▶ [Data segment]
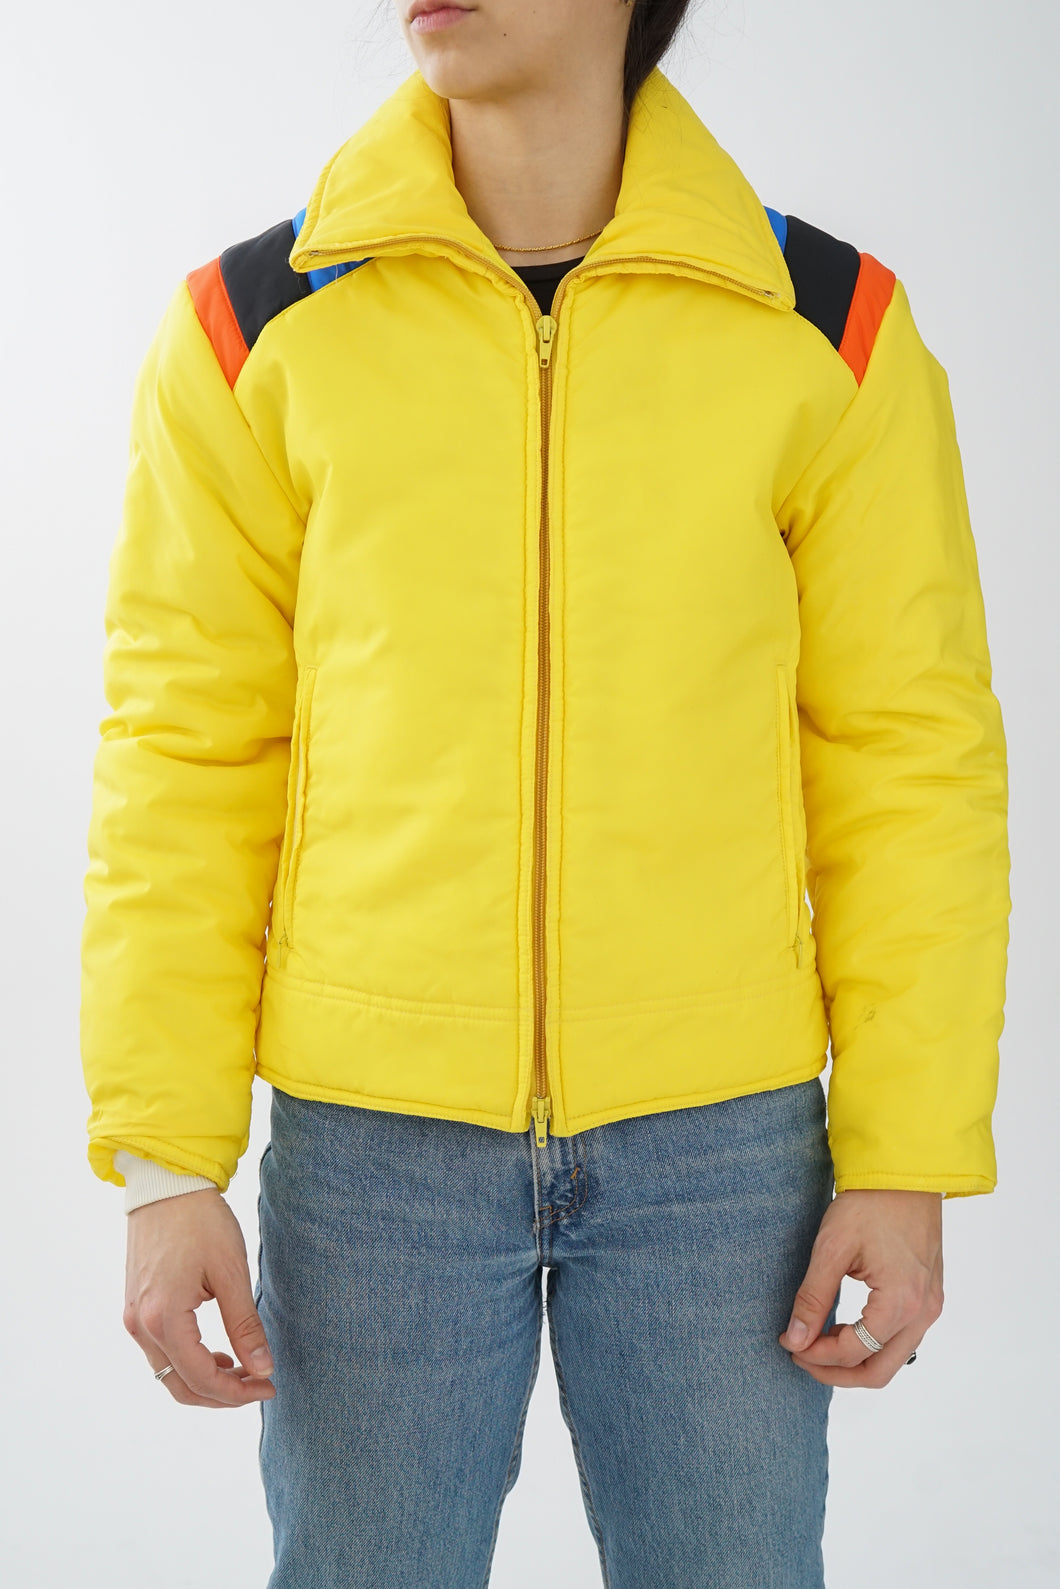 Manteau de ski vintage 70s Scandia Trading Co jaune unisex taille XS-S
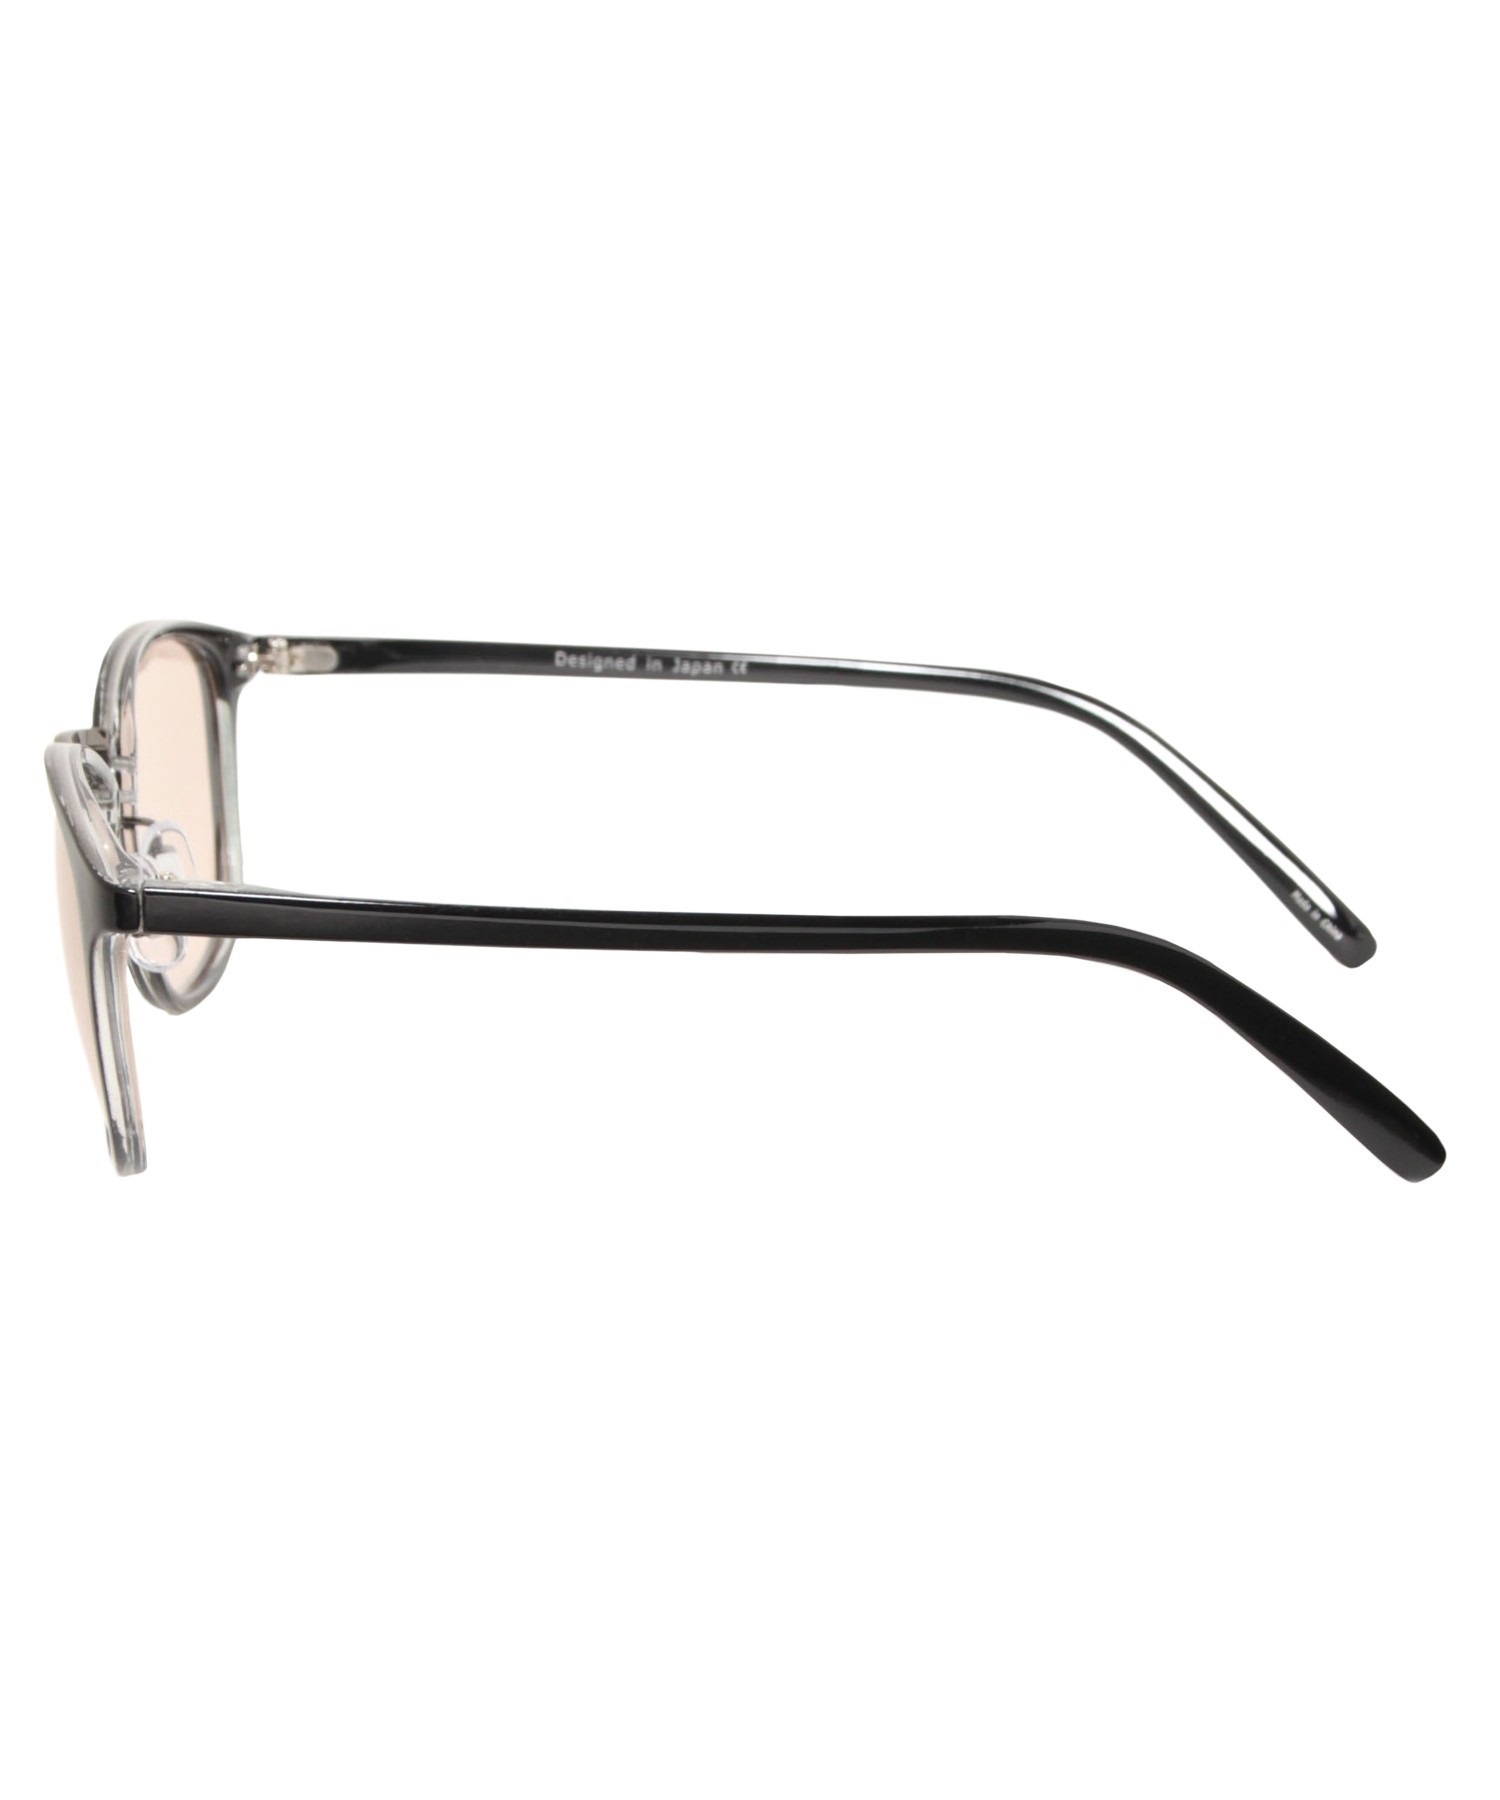 G-PRIDE ジープライド GP1037 メンズ 眼鏡 メガネ サングラス KK E18(BKBR-F)
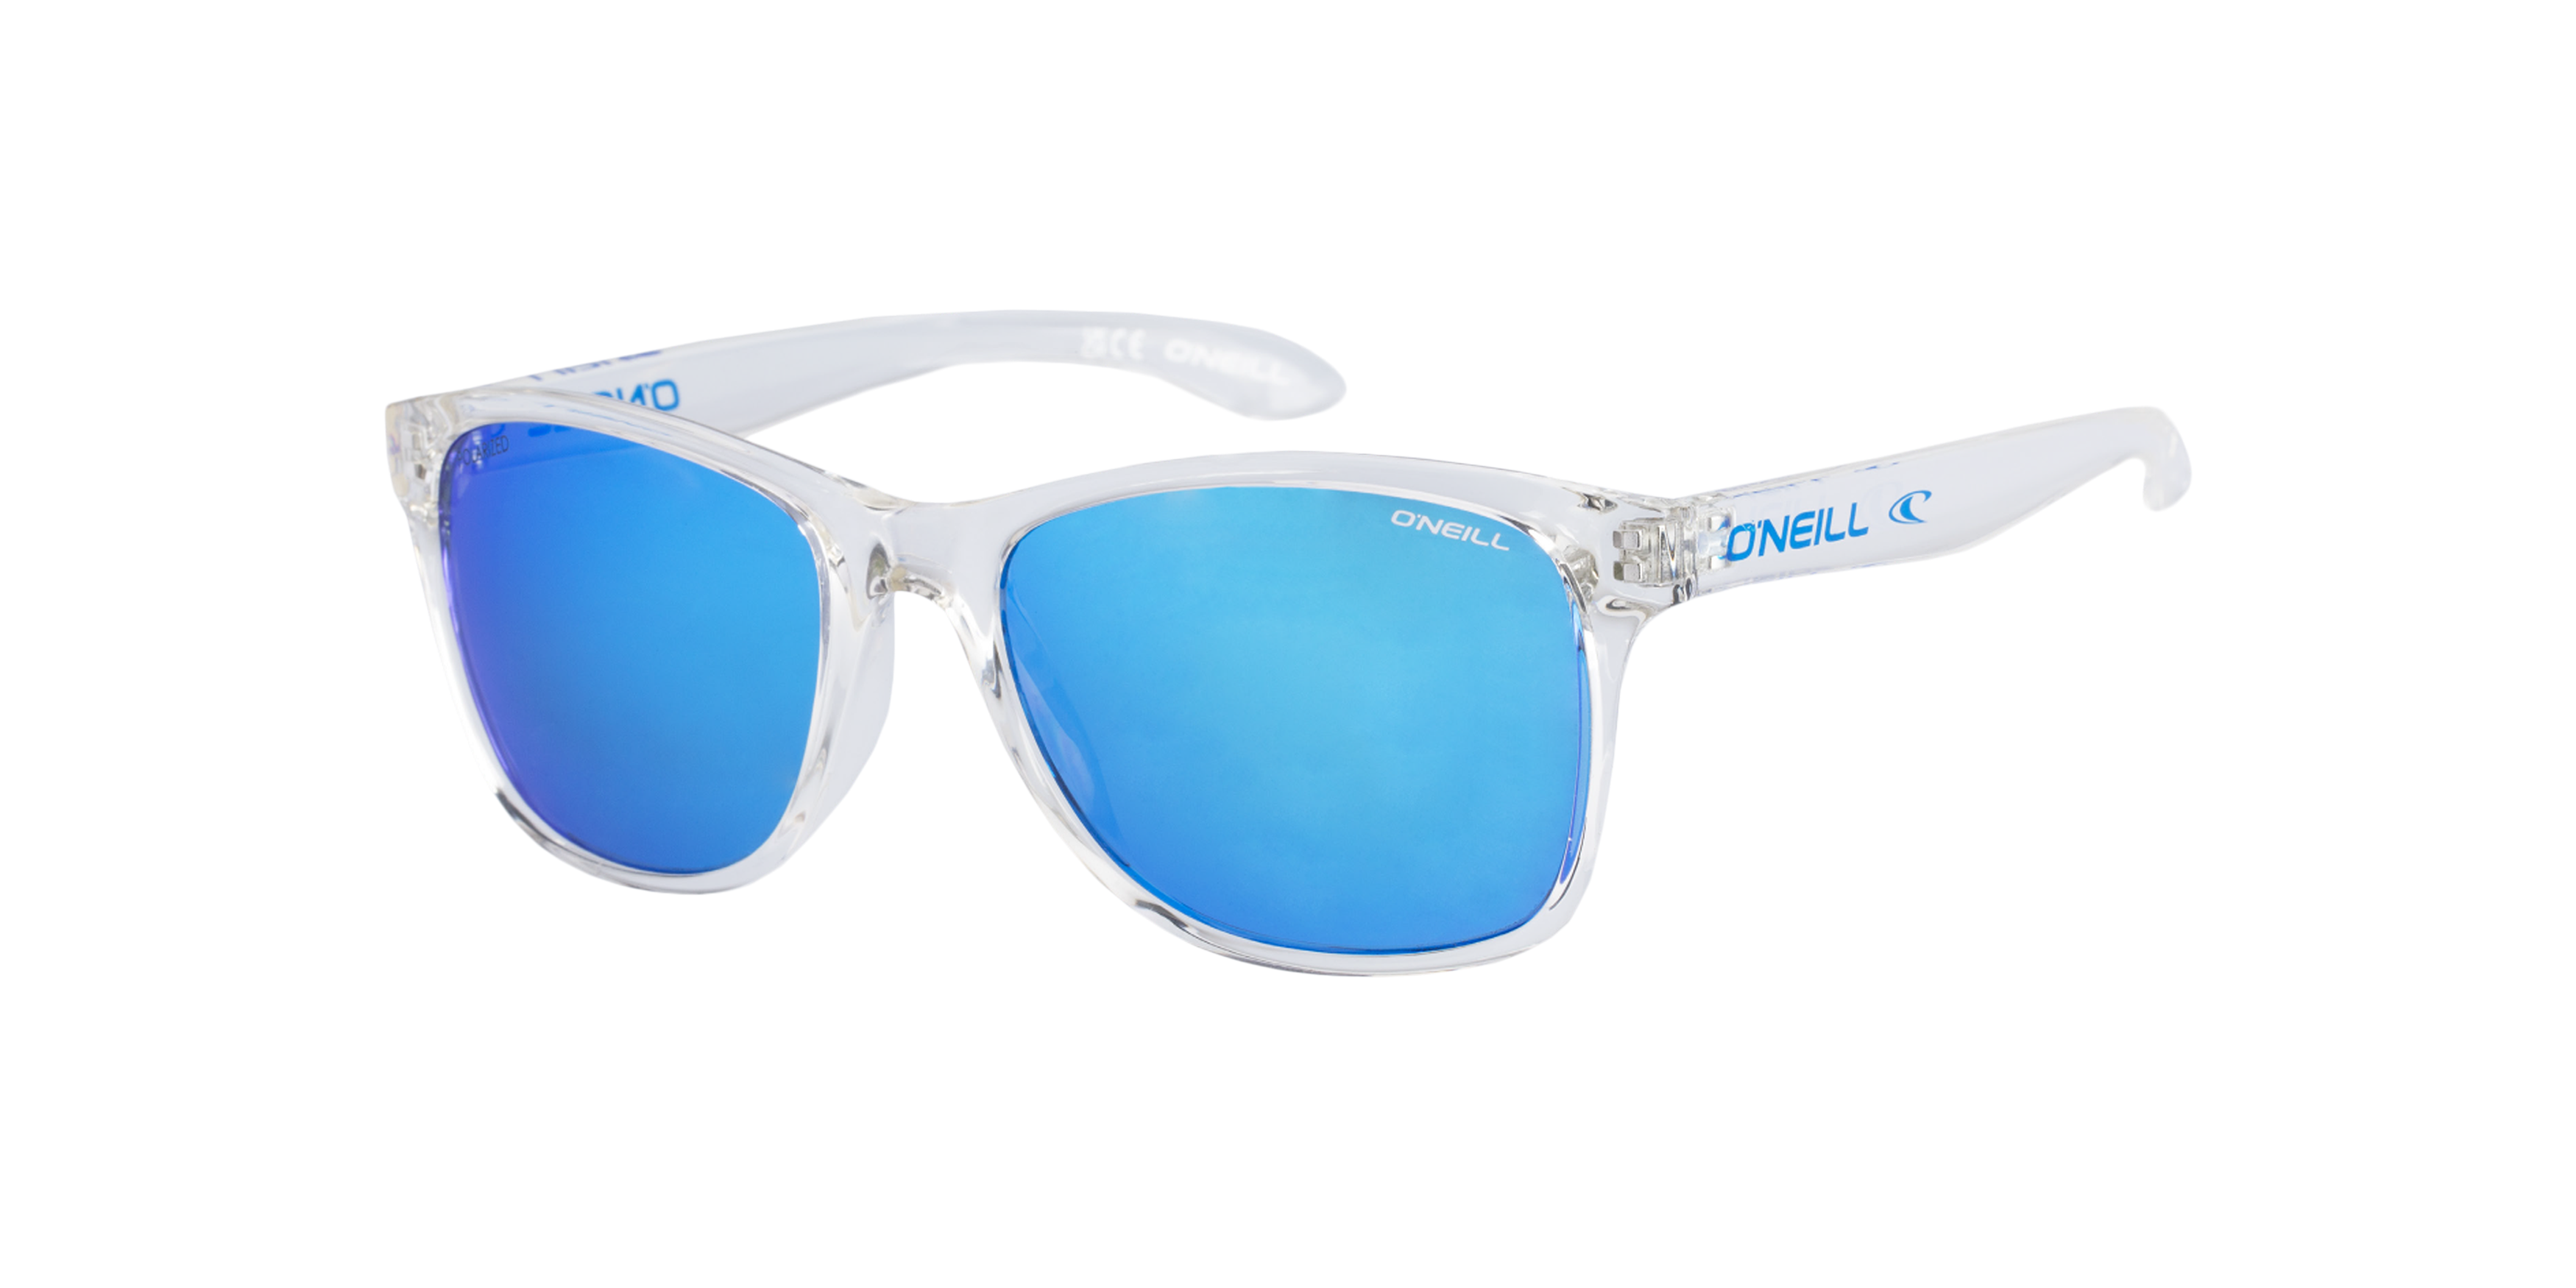 Angle_Left01 O'Neill Offshore 2.0 Sunglasses Blue / Transparent, Clear

▶ [Your goal] Give back word for word the lines from the one containing "G-PRIDE ジープライド GP1037" through the final line of the data above. Pictures are to be left out.

▶ [Reply]
 G-PRIDE ジープライド GP1037 メンズ 眼鏡 メガネ サングラス KK E18(BKBR-F)
 Angle_Left01 O'Neill Offshore 2.0 Sunglasses Blue / Transparent, Clear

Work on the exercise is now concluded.